Render every line of the data exactly as written, and leave out the pictures.
DATA SEGMENT section start
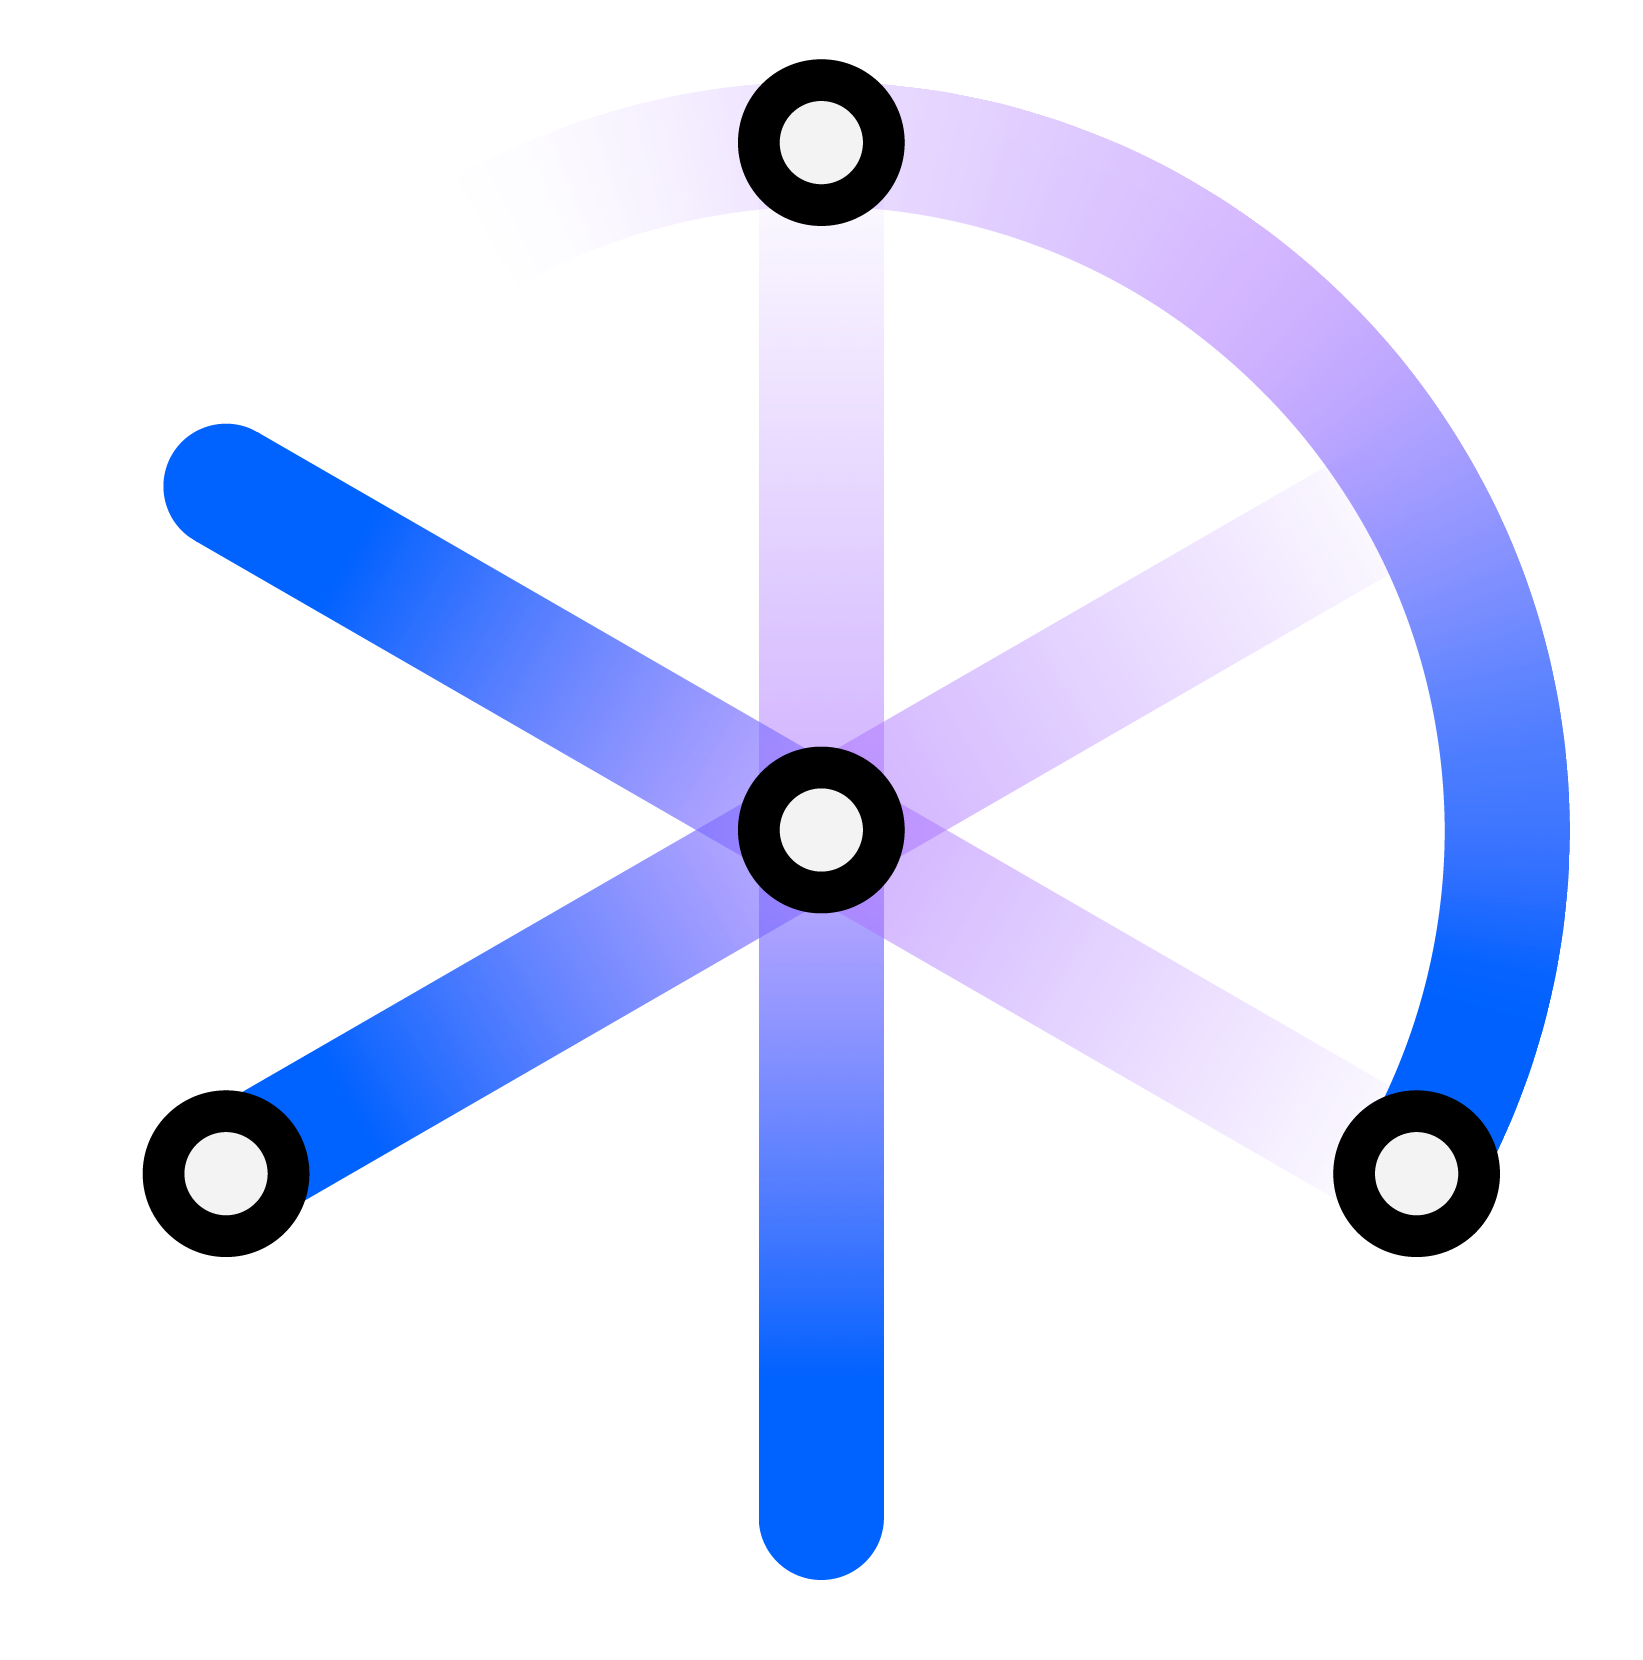 campaign_logo
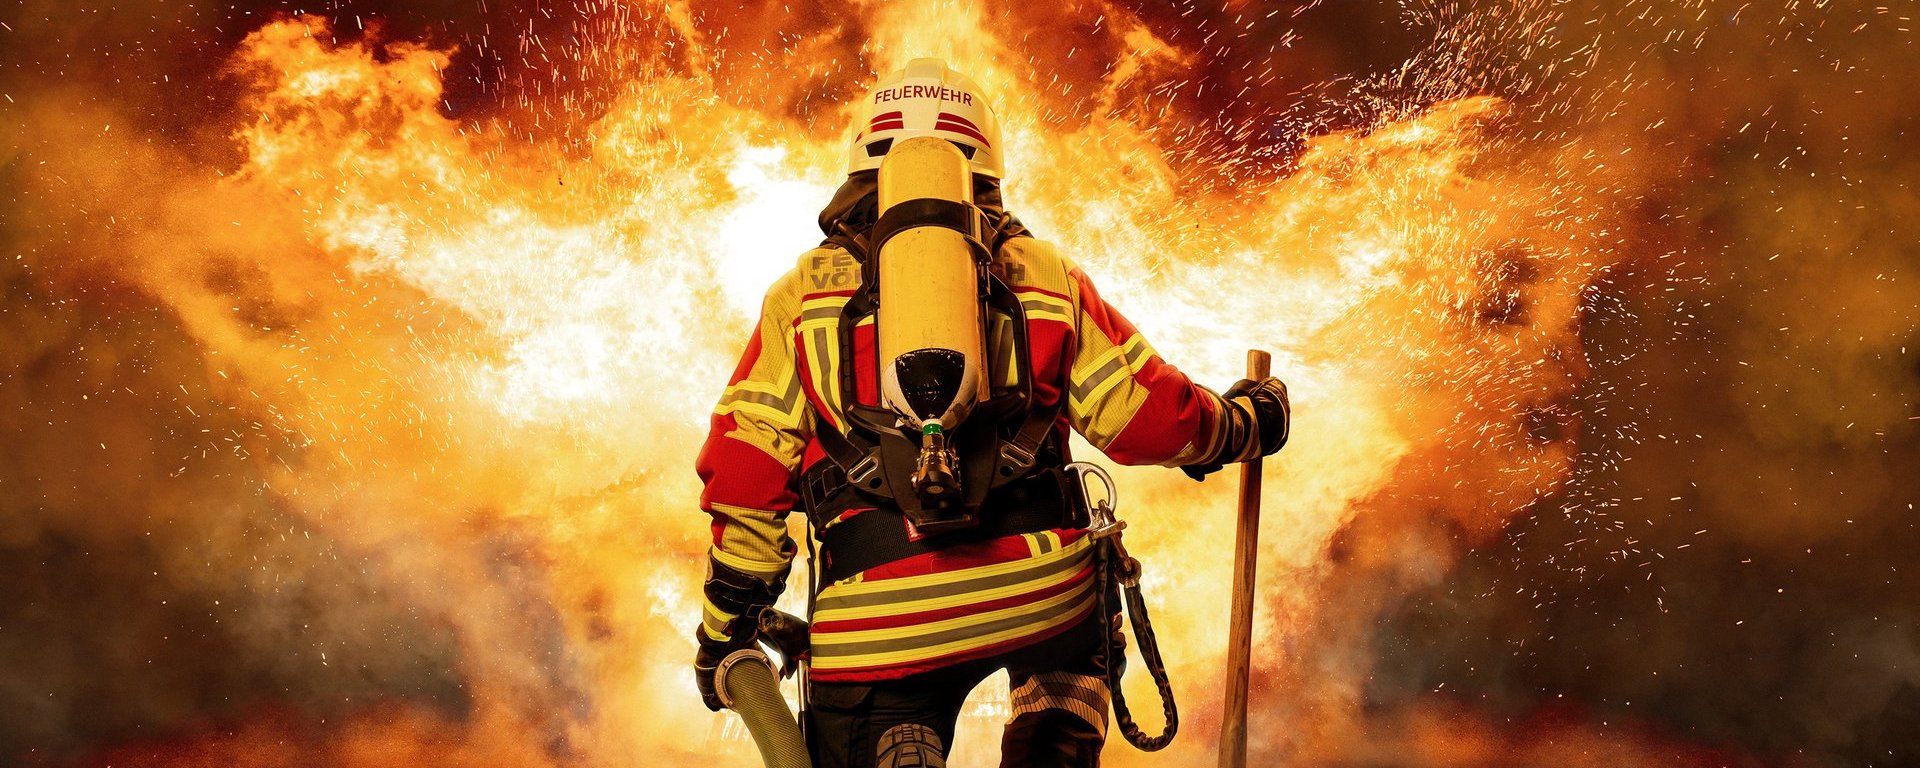 Ein Feuerwehrmann mit Schutzkleidung, Sauerstoffflasche, Beil und Wasserschlauch ist von hinten zu sehen und einem großen, lodernden Feuer zugewandt.
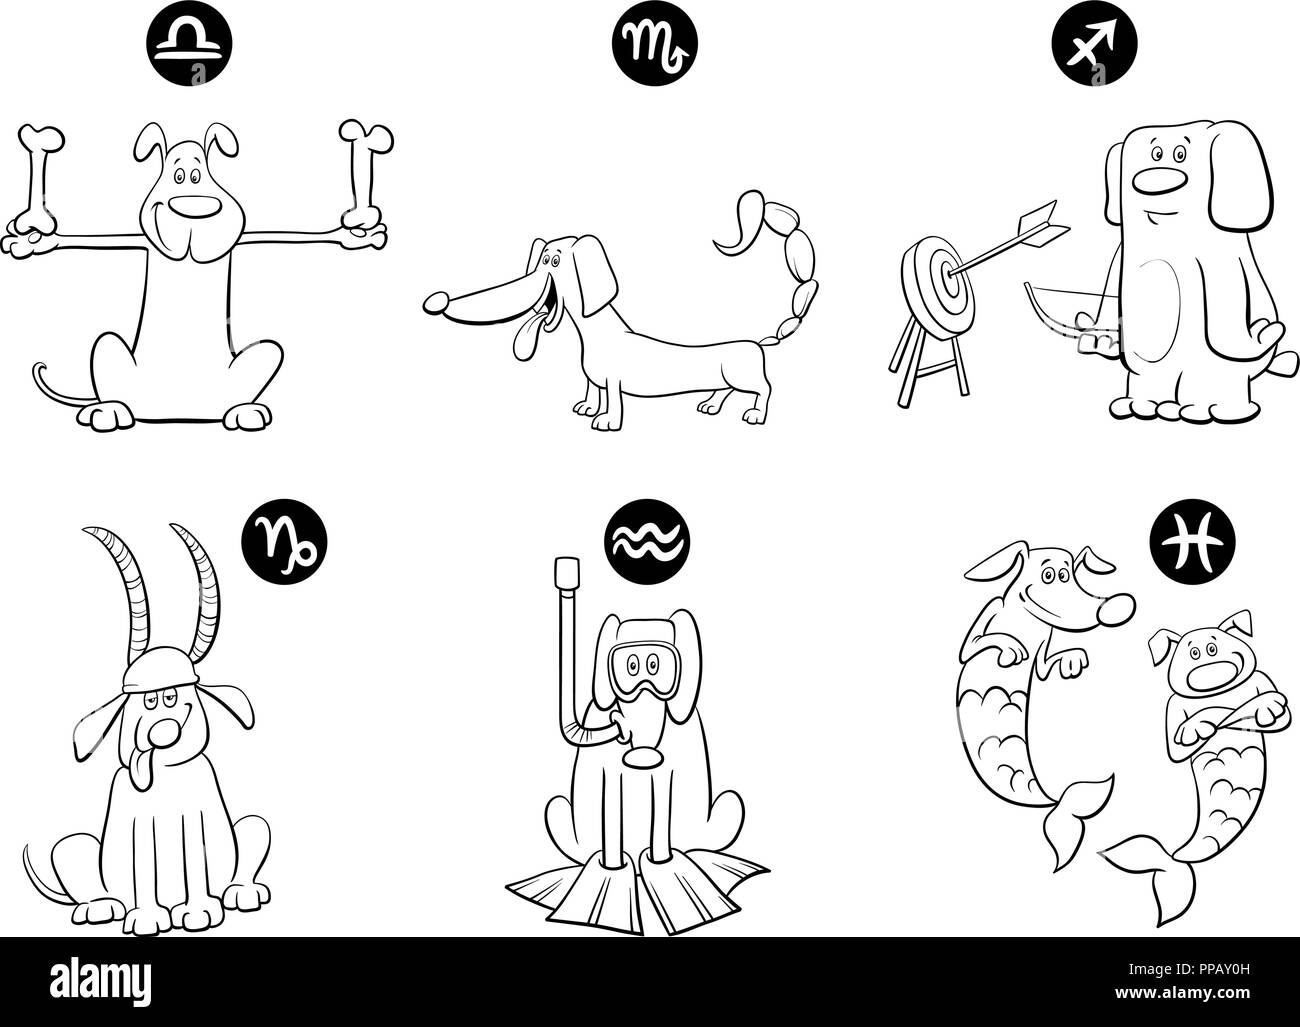 Cartoon noir et blanc Illustration de signes du zodiaque Horoscope chien avec caractères Illustration de Vecteur
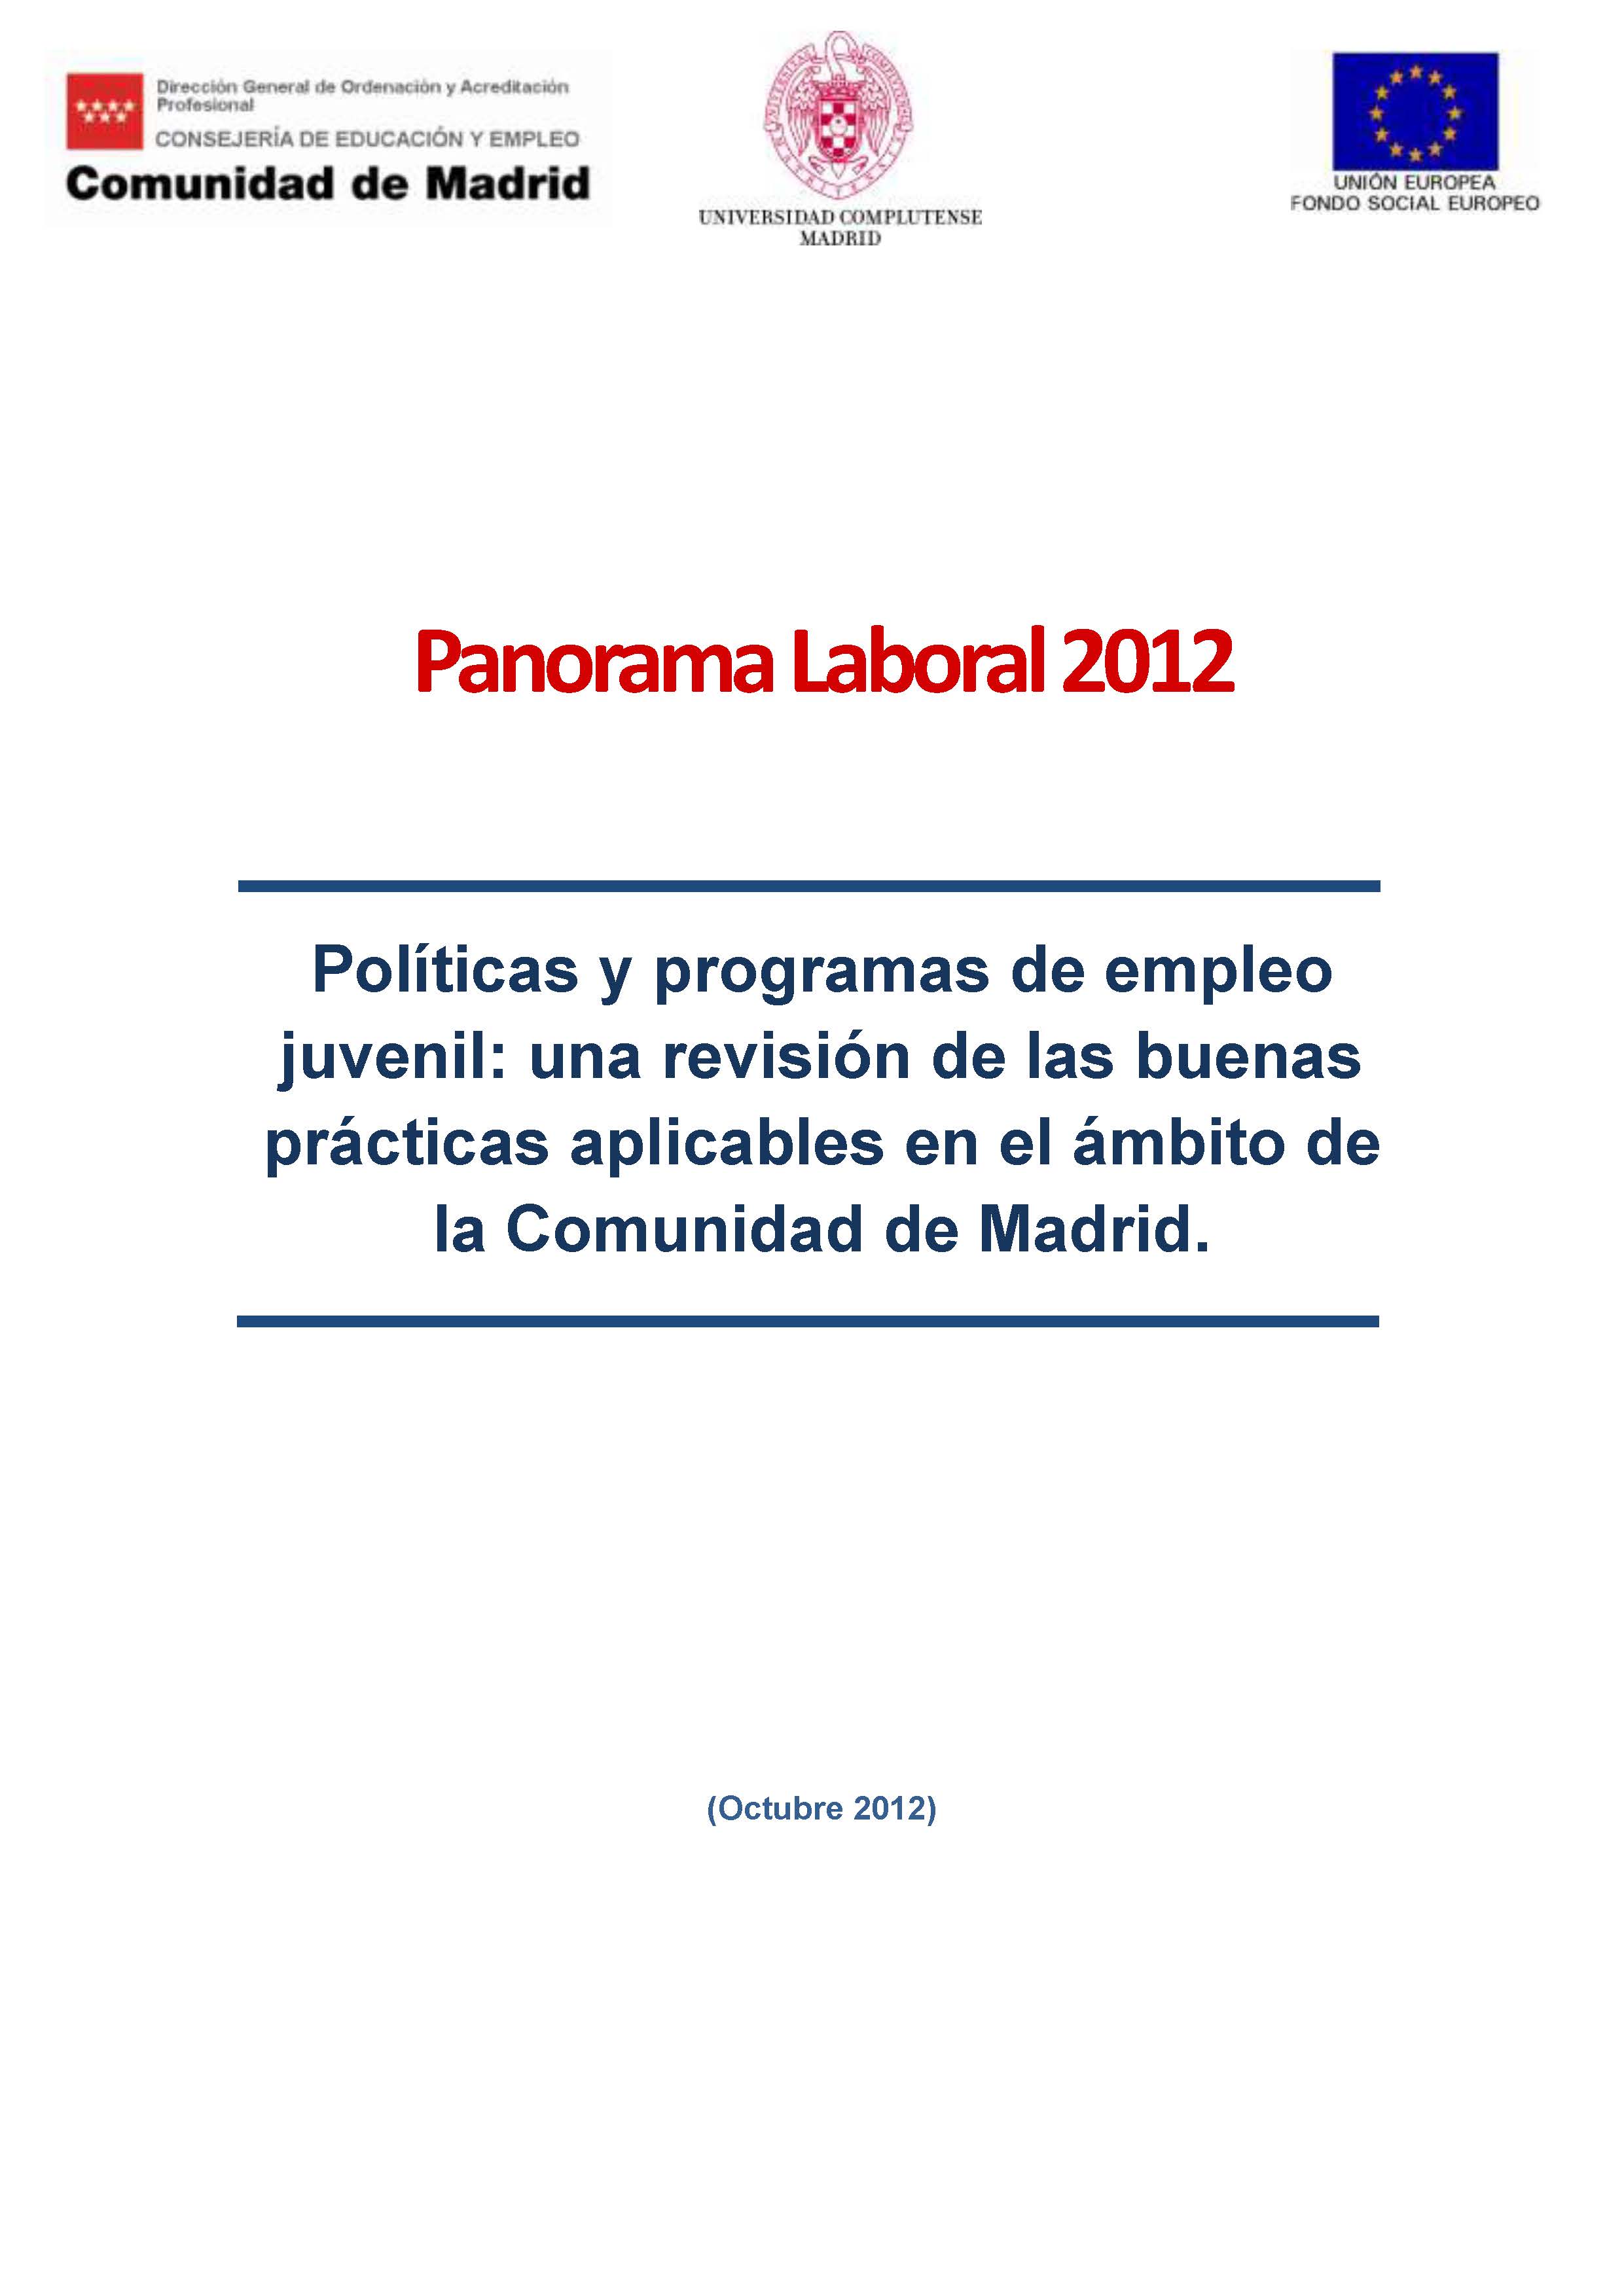 Portada de Panorama Laboral 2012. Políticas y programas de empleo juvenil una revisión de las buenas prácticas aplicables en el ámbito de la Comunidad de Madrid.
DATA SEGMENT section end
### RESULT
 campaign_logo
 Ein Feuerwehrmann mit Schutzkleidung, Sauerstoffflasche, Beil und Wasserschlauch ist von hinten zu sehen und einem großen, lodernden Feuer zugewandt.
 Cartoon noir et blanc Illustration de signes du zodiaque Horoscope chien avec caractères Illustration de Vecteur
 Portada de Panorama Laboral 2012. Políticas y programas de empleo juvenil una revisión de las buenas prácticas aplicables en el ámbito de la Comunidad de Madrid.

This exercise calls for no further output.